In the watch, the minute repeater has two cathedral style gongs: Two gongs each with a different sound - one for hours, and one for minutes. The minute repeater is activated by sliding the left flank of the case up. This flank is a typical design element of the King Power and Big Bang watches making it is a sort of "hidden lever." In fact, also released this year by Hublot is an F1 Tourbillon Chronograph which, aside from having a different overall look, has a movement and dial that looks almost exactly the same as this watch. However, that model does not have a minute repeater in it. So, really, you just have to know which Hublot watches have minute repeaters and which do not.
The chronograph is done in two subdials on the face - one for the minutes and one for the seconds. It is a monopusher with the push piece being integrated into the crown. The chronograph is even more unusual for not having a centrally mounted seconds hand. You can see the column wheel for the chronograph in the dial located under 12 o'clock. The skeletonization is impressive as the dial design places most of the mechanical elements on the front of the watch and through the caseback you do see a carbon fiber movement plate.

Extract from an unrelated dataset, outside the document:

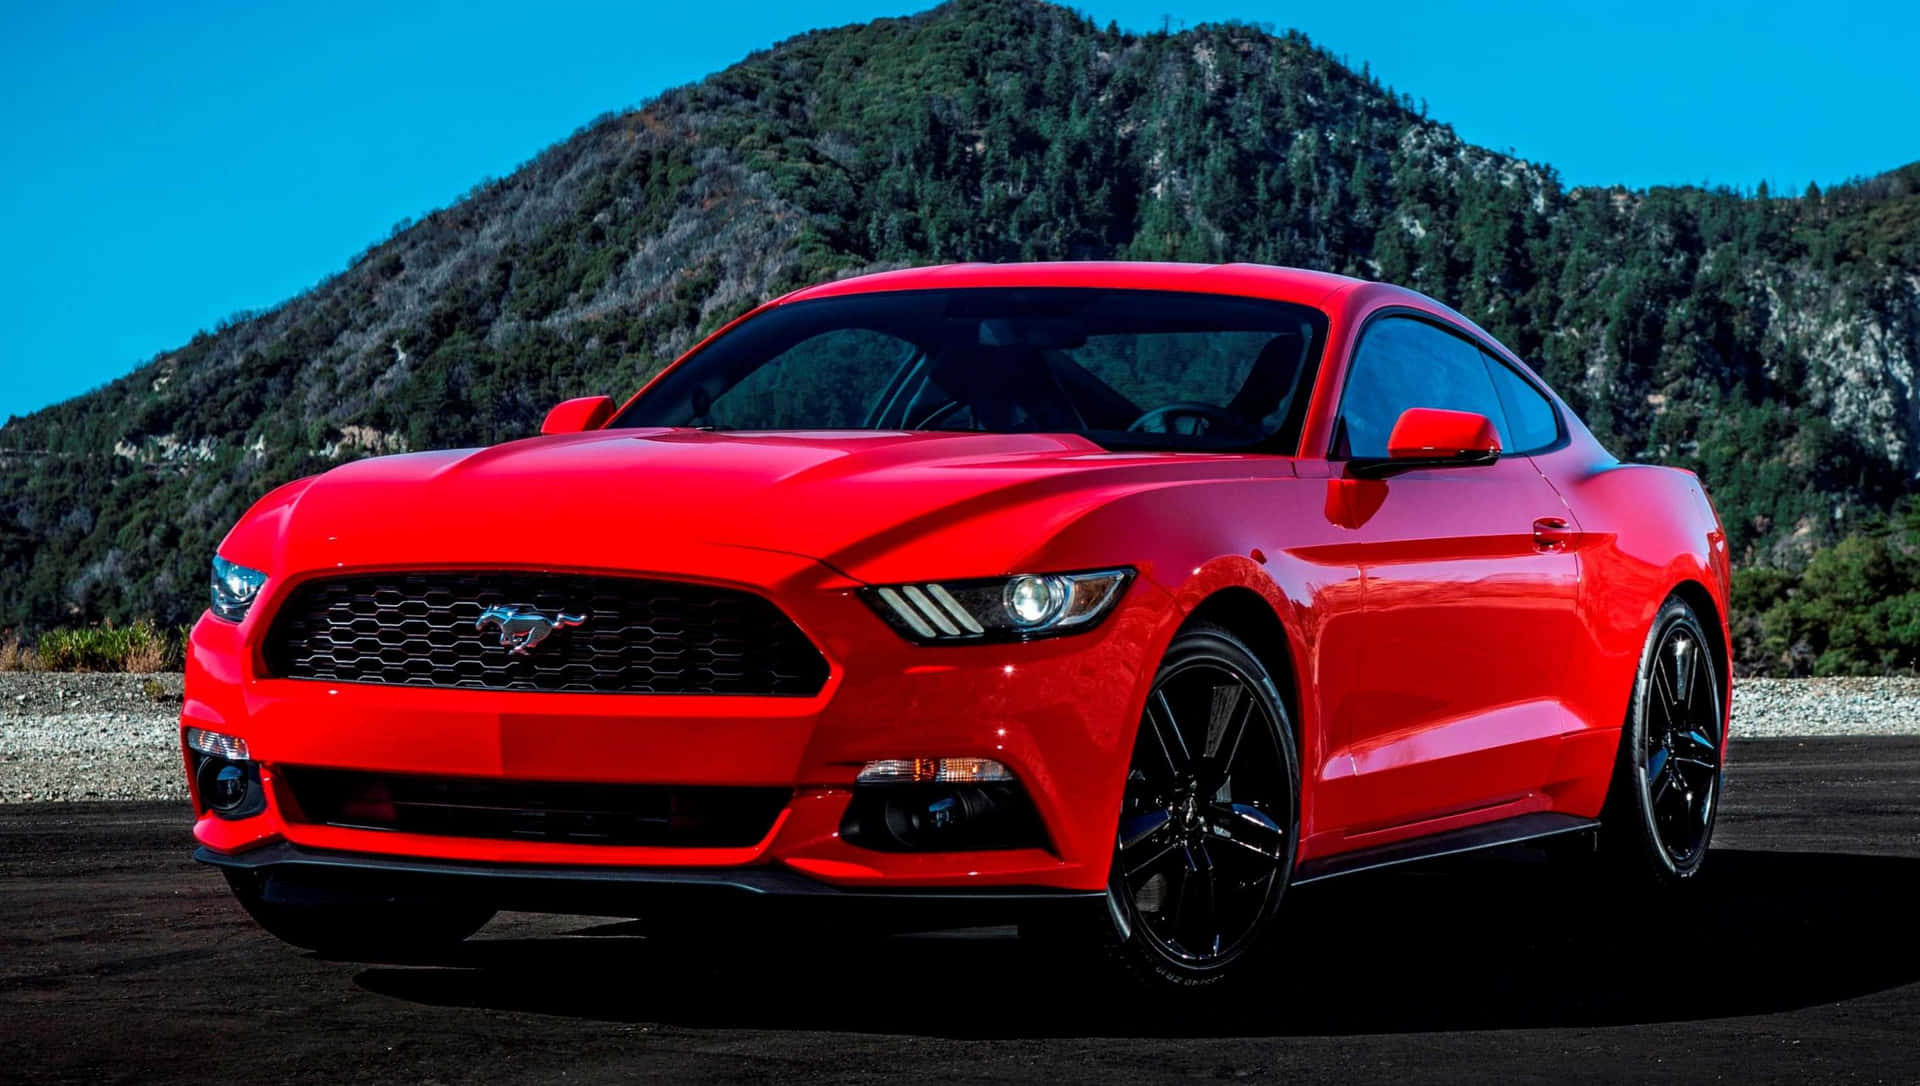 Den røde Ford Mustang er parkeret foran bjerge.

At 48mm wide, in carbon fiber, this Hublot Minute Repeater Tourbillon Chronograph is indeed a cool timepiece. And, it doesn't wear like something that cost you a ton of money. Hublot was still able to give it a sporty feeling that they are known to imbue in most of their watches. With a watch like this you'd feel comfortable in jeans while running around doing errands. Can you say the same for a Patek Philippe minute repeater? If anything, Hublot has created a mold for more casual luxury watches because they strive so hard to make them modern feeling. No Hublot watch is ever a timepiece you are afraid to wear and in that I think Jean-Claude Biver has really succeed in making high-end timepieces a more regular facet of people's lives. |
| SPOTTED: Legendary Formula One Champion Jim Clark Wearing A |
分類: 未分類 |
1960s Formula One racers and their watches. It seems like you can't go a solitary day without hearing about these men and their Heuer Chronographs. Jo Siffert and his watch, Derek Bell and his, and of course McQueen's Monaco.
But our friends at Automobiliac came across a really cool picture of a racer that might not be as romantic a hero as Seppi, but in actuality was arguably the strongest racer of his day. Jim Clark at the time of his death had won more Grand Prix races (25) and achieved more Grand Prix pole positions (33) than any other driver, and had two world championships to his name. On top of that, he wore a pretty cool watch - a replica Breitling Transocean Chronograph Top-Time chronograph.
As Automobiliac points out, it's interesting that replica Breitling Chronospace Automatic has completely forgotten its motorsports history (Bentley partnership not withstanding) and has focused completely on aviation when they could follow in the market generation footsteps of TAG Heuer and promote this connection with a racer of the highest pedigree.
If you're a race fan and oversaturated with all the Heuer hub-bub, a Jim Clark http://www.speedroc.com/replica-omega-planet-ocean-chronograph.html Top-Time could be a nice vintage alternative. Top-Times can be had for a relative pittance, as seen here.
Click through to Automobiliac for more details.